Избранные сочинения в пяти томах. Том 1 - страница 2
Первым произведением, открывшим Григория Кановича определенному – достаточно узкому – кругу читателей за пределами Литвы был роман «Свечи на ветру», вышедший в вильнюсском издательстве «Вага» в 1979-м; за ним последовала дилогия «Слезы и молитвы дураков» (1983) и «И нет рабам рая» (1985). Знакомство с этими книгами было своего рода «визитной карточкой», свидетельствовавшей о серьезном интересе к еврейской культуре. Уже в первой части романа «Свечи на ветру» – «Птицы над кладбищем» (1974), появляются сквозные для всего творчества Кановича темы, мотивы и образы. На общем фоне советской литературы того времени, подчиненной официальному оптимистическому пафосу социалистического реализма, бросается в глаза особое внимание Кановича к теме смерти, понимаемой не как исчезновение в небытие, но как уход в вечность, в особое пространство памяти, хранимой – или утраченной – потомками. Такое понимание смерти имеет свои корни в еврейской литературной традиции, и прежде всего в творчестве основоположника еврейского модернизма Ицхока Лейбуша Переца и его последователя С. Ан-ского, которые, в свою очередь, черпали вдохновение из еврейского фольклора. У Переца и Ан-ского мертвые, особенно безвременно ушедшие, стремятся обратно в мир живых, они полны страстей и желаний, но их возвращение неизбежно приводит к острому конфликту с фатальными последствиями, поскольку оно разрушает основы мироздания – как это происходит в пьесе Ан-ского «Диббук» (названной в русском варианте «Меж двух миров»).

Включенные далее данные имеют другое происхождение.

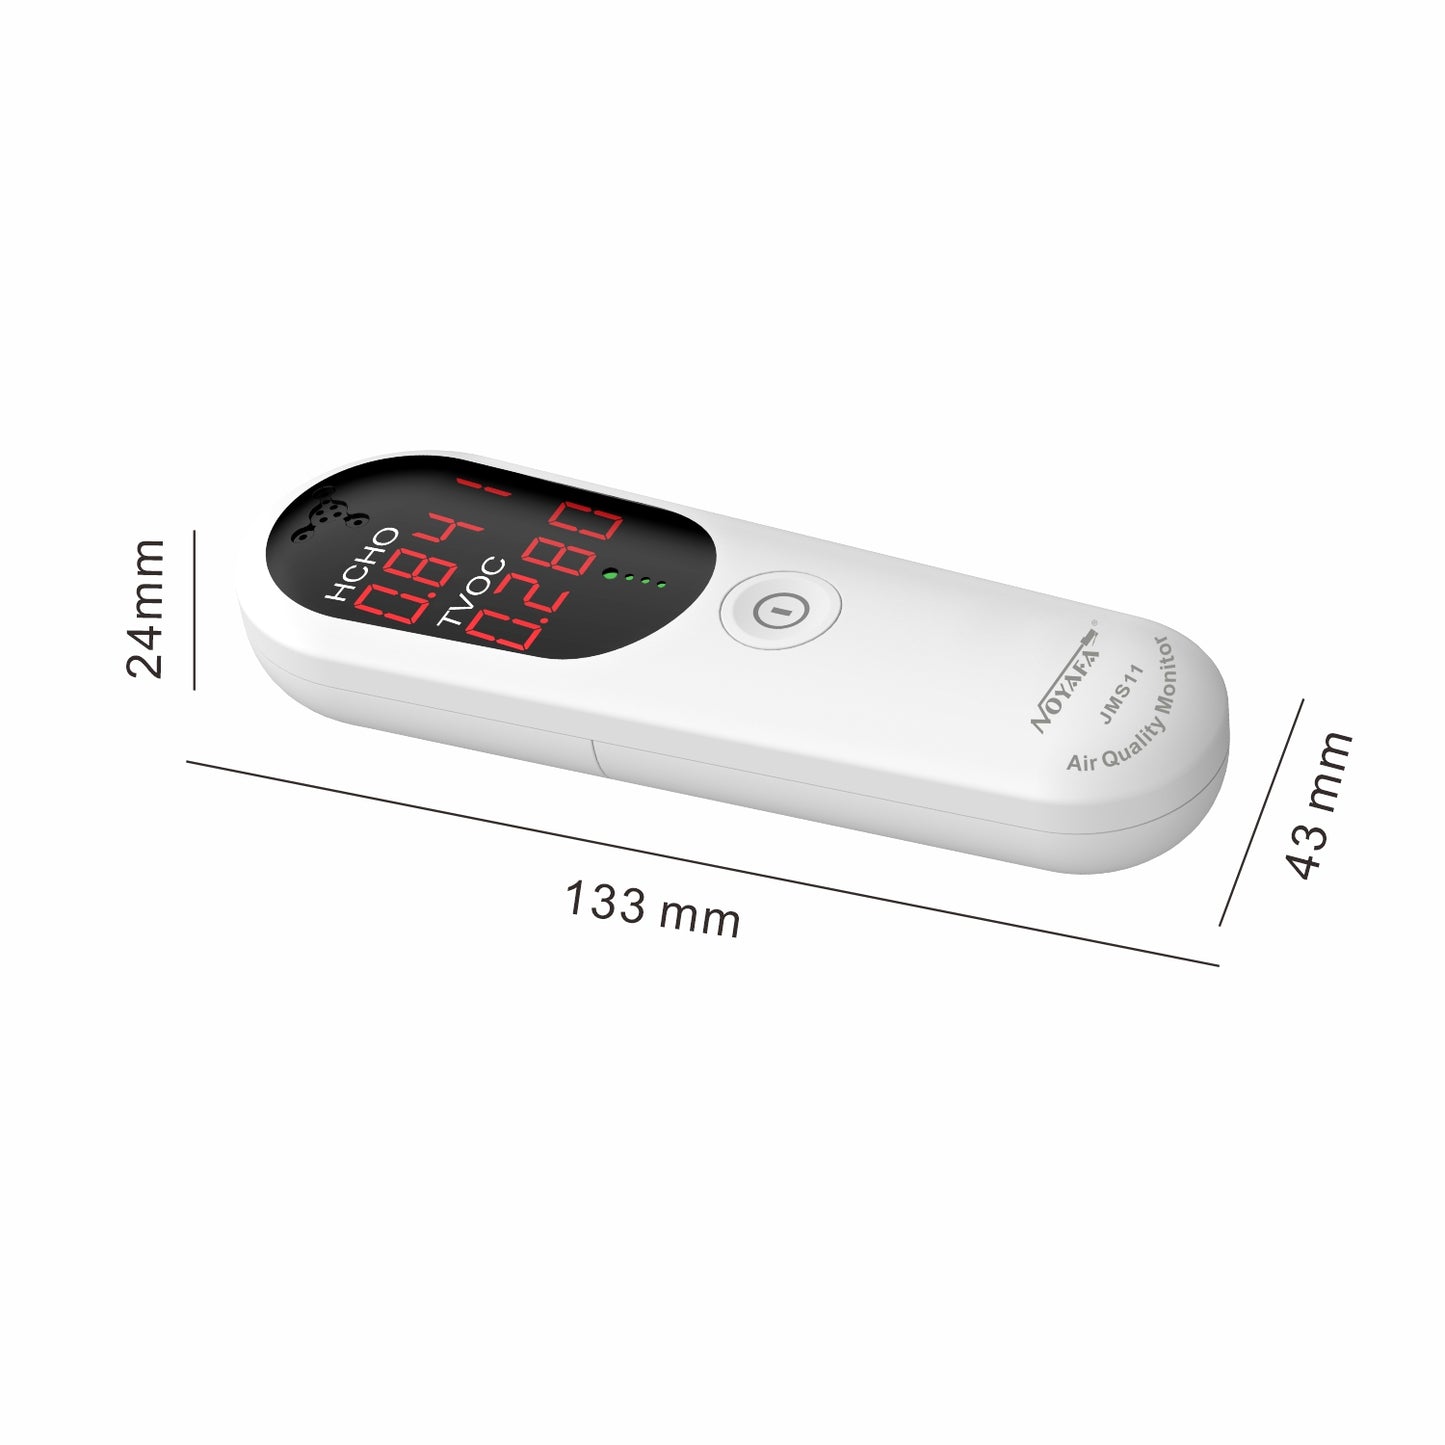 Noyafa JMS11 Digital Air Quality Tester TVOC HCHO Detector Meter Portable Sensor with Sound Alarm, LCD Display Monitor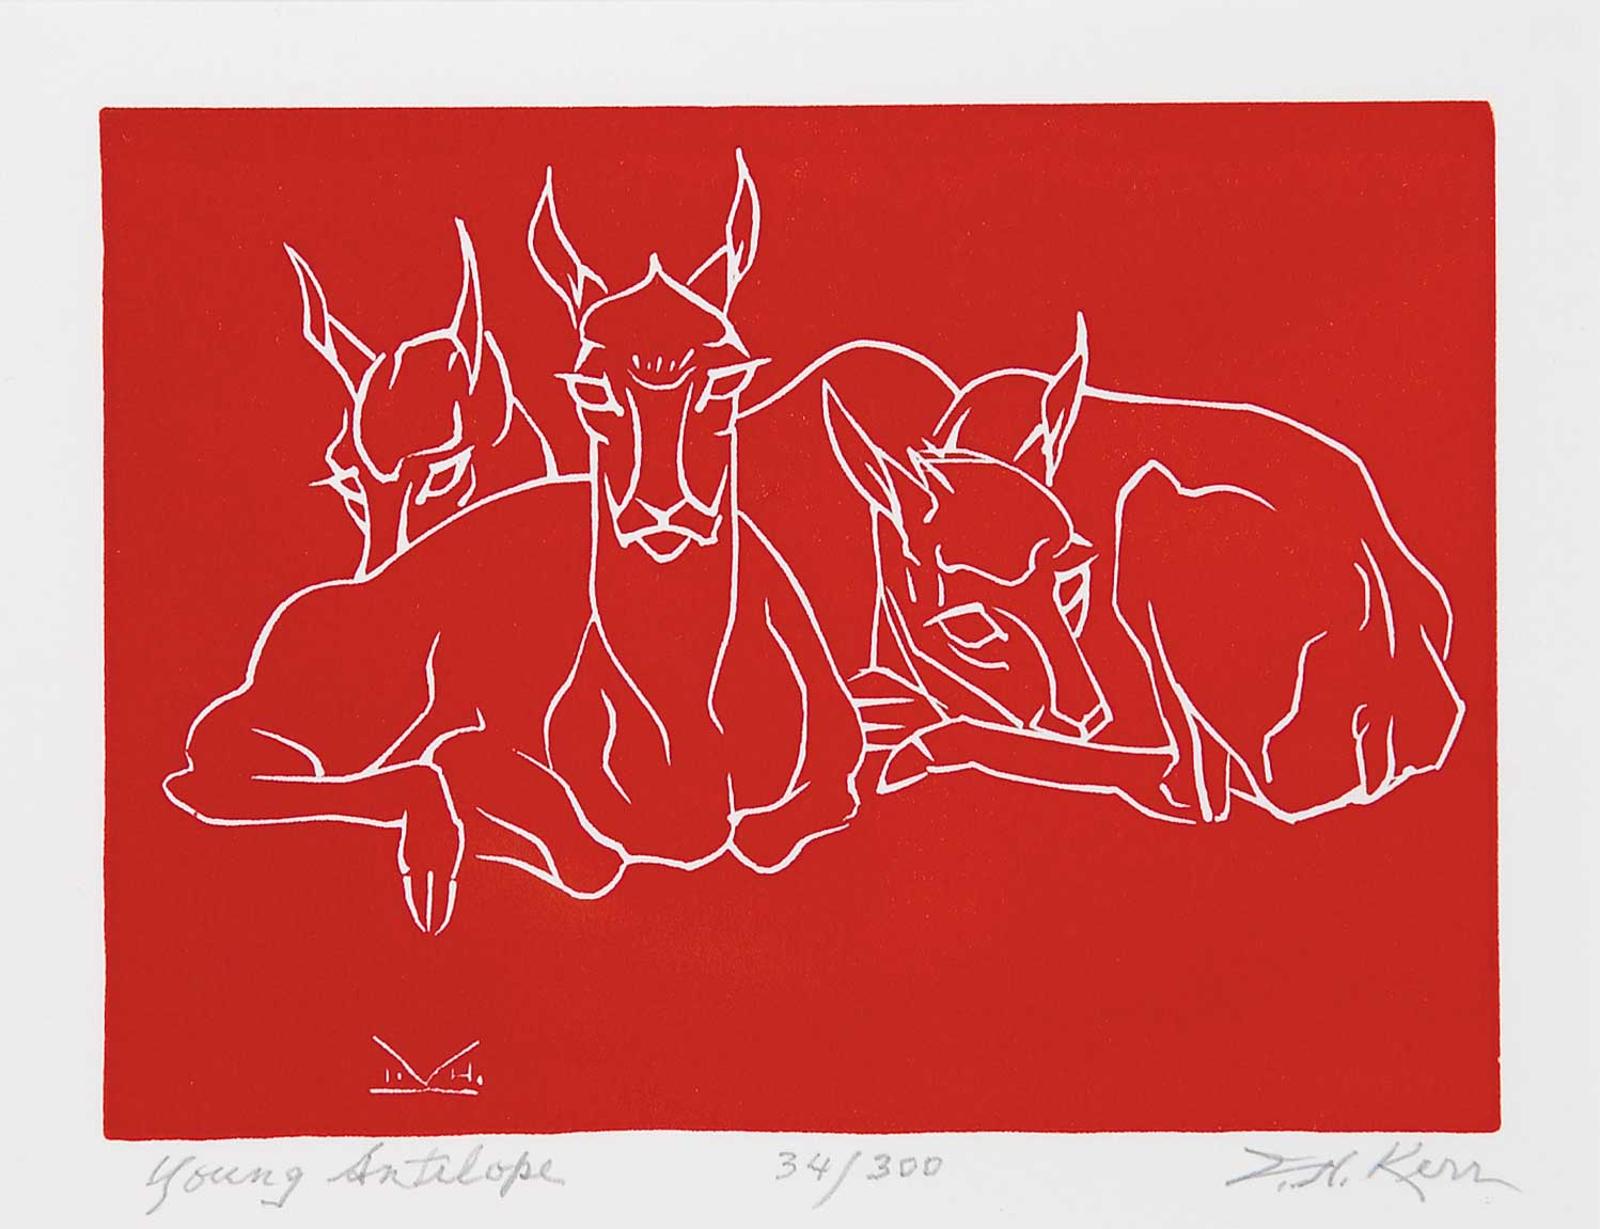 Illingworth Holey (Buck) Kerr (1905-1989) - Young Antelope  #34/300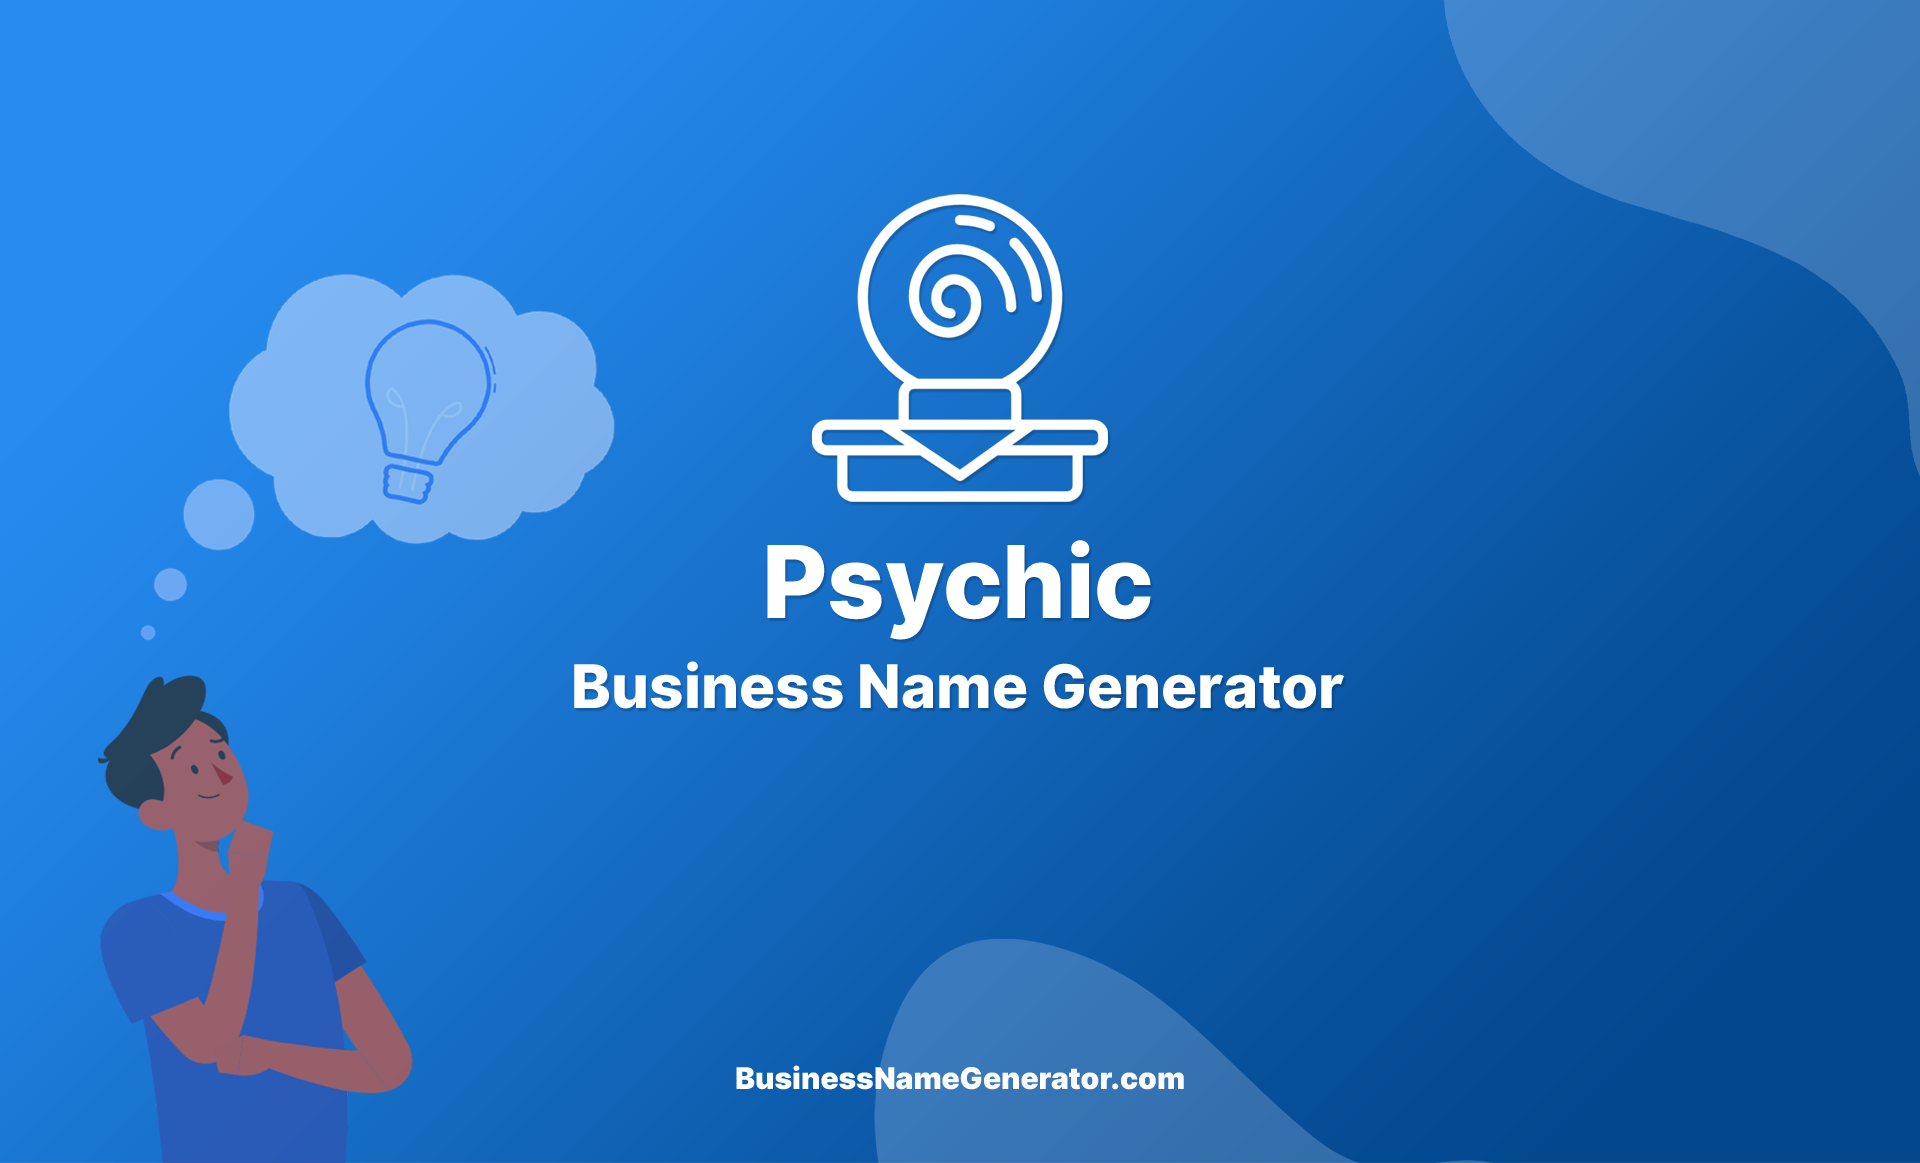 Psychic Business Name Generator

Как реалист Канович менее склонен к парадоксам и драматическим эффектам. Он ведет свое повествование неспешно, подробно восстанавливая мелкие детали повседневного быта и иногда возвращаясь к уже сказанному. «Наша страна, ваше благородье, не Россиенский уезд, не Америка, а память. В ней мы вместе и живем: живые и мертвые, и те, которые еще не родились, но родятся под нашими крышами» – объясняет полицейскому уряднику Эфраим. Каменотес Эфраим, вырезающий из камня надгробия, могильщик Иосиф из «Птиц над кладбищем», да и бабушка Роха, являются своего рода alter ego автора, несмотря на то, что сами они были едва ли в состоянии сложить два слова на бумаге. В словах Эфраима открывается отношение Кановича к литературному ремеслу: «У каменотесов одна правда – каменная, вечная, как Моисеевы скрижали». Подлинная литература, имеющая своим основанием те самые библейские каменные скрижали, чужда общественному или политическому заказу, ибо «то, что можно высечь, нельзя заменить ни веселым враньем на площадях, ни покушением на губернаторов». По сути, романы Кановича – это эпические мацейв, резные надгробные камни на кладбище еврейской Литвы. Не случайно Даниил, герой «Птиц над кладбищем», обучается грамоте прямо на кладбище, где школьной доской его учителю служит каменное надгробие раввина:
Он вытащил из кармана сюртука мелок и что-то начертал на камне.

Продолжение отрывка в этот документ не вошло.